Given how immature these regulatory frameworks remain, “contracts are your best friend,” Penti said. Data is often seen as a source of privacy or security risk, she added, so data isn’t protected as an asset. To make up for this, parties can use contracts to agree on who has the right to different intellectual property.
But “in terms of actual framework-based statutory support, the U.S. has a long way to go,” Penti said.
What a murky legal landscape means for companies
The legal issues accompanying generative AI have several implications for companies that develop AI programs and those that use it, Penti said.
Developers might need to get smarter and more creative about where they get training data for AI models, Penti said, which will also help them avoid delays caused by a lack of clarity around what’s permissible.

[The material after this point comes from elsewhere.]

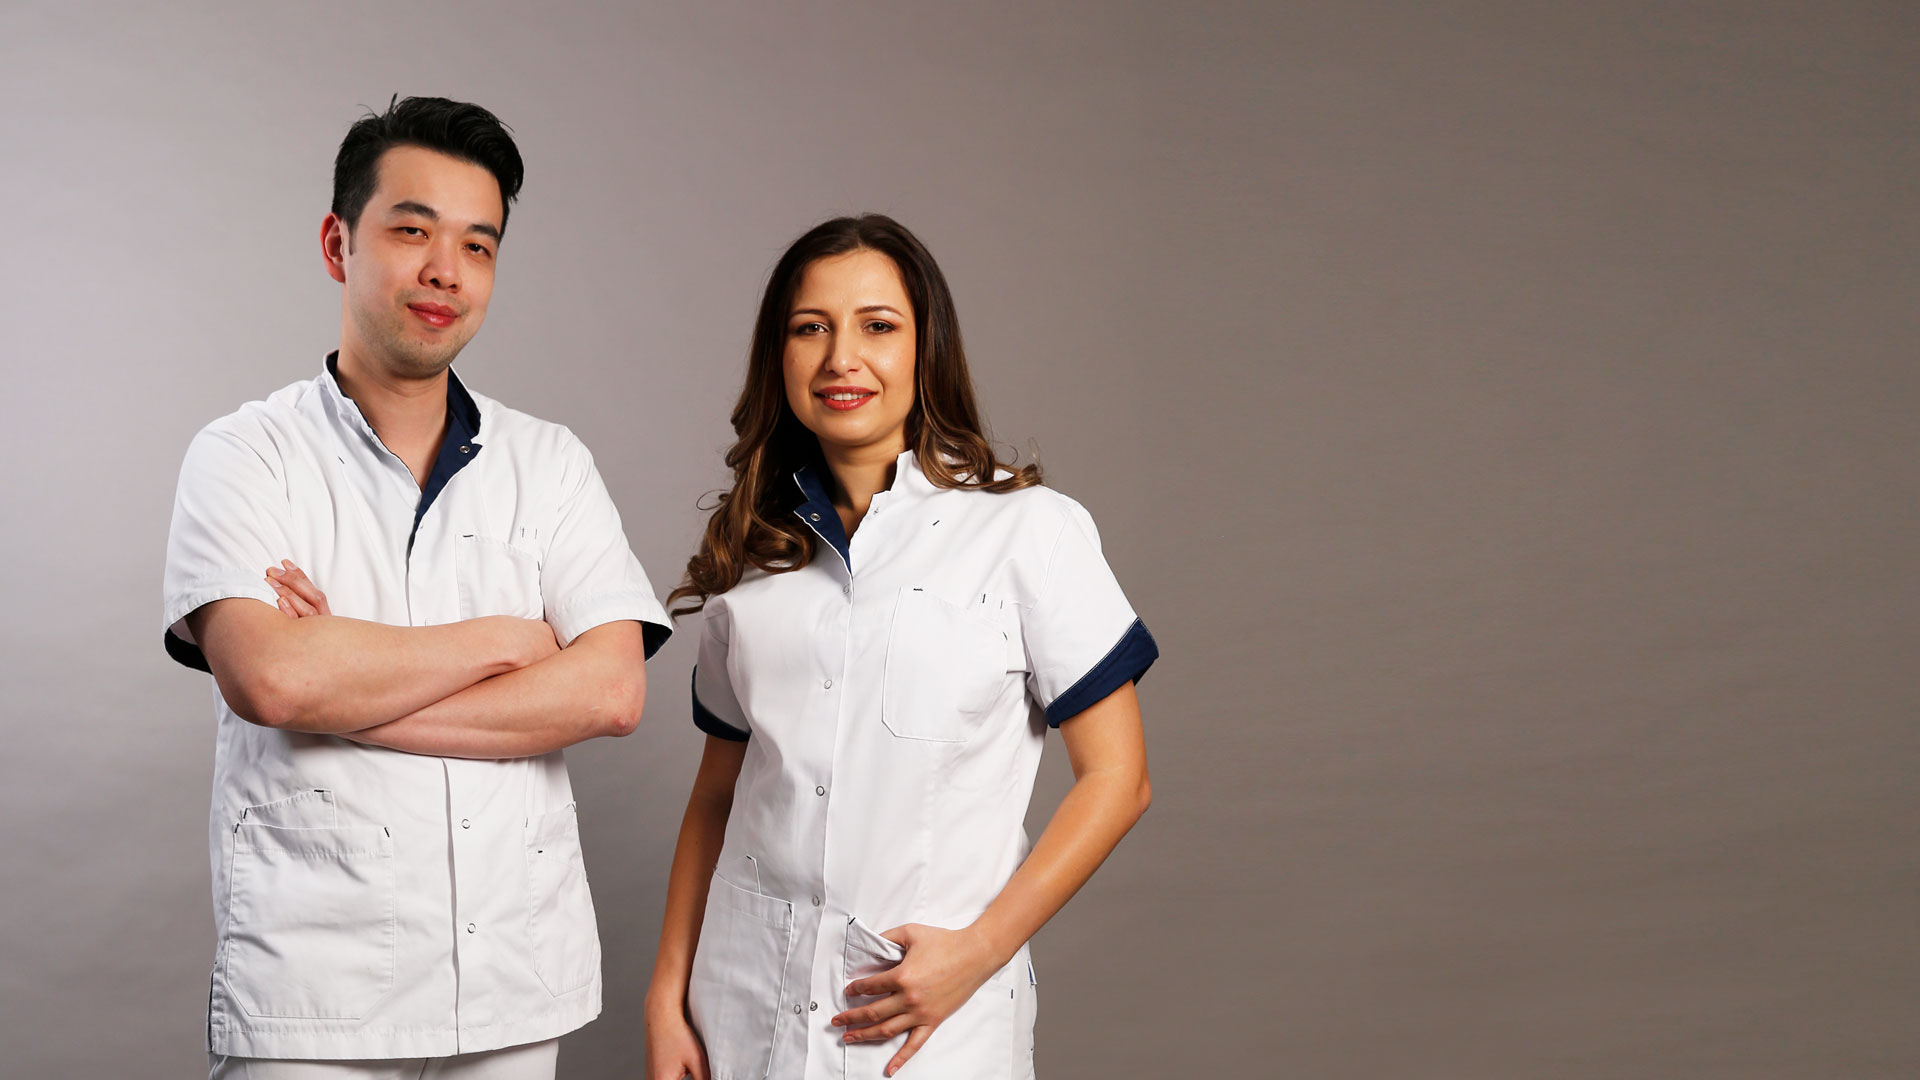 médecins Dr. Wing Yuen et les Dr. Stefania Stana

Companies beginning to integrate AI into their operations have several options to reduce legal risk. First, companies should be active in their due diligence, taking actions such as monitoring AI systems and getting adequate assurances from service and data providers. Contracts with service and data providers should include indemnification — a mechanism for ensuring that if a company uses a product or technology in accordance with an agreement, that company is protected from legal liability.
“Ultimately, though, I think the best risk-mitigation strategy is proper training of employees who are creating these systems for you,” Penti said. “You should ensure they understand, for instance, that just because something is out there for free doesn’t mean it’s free of rights.”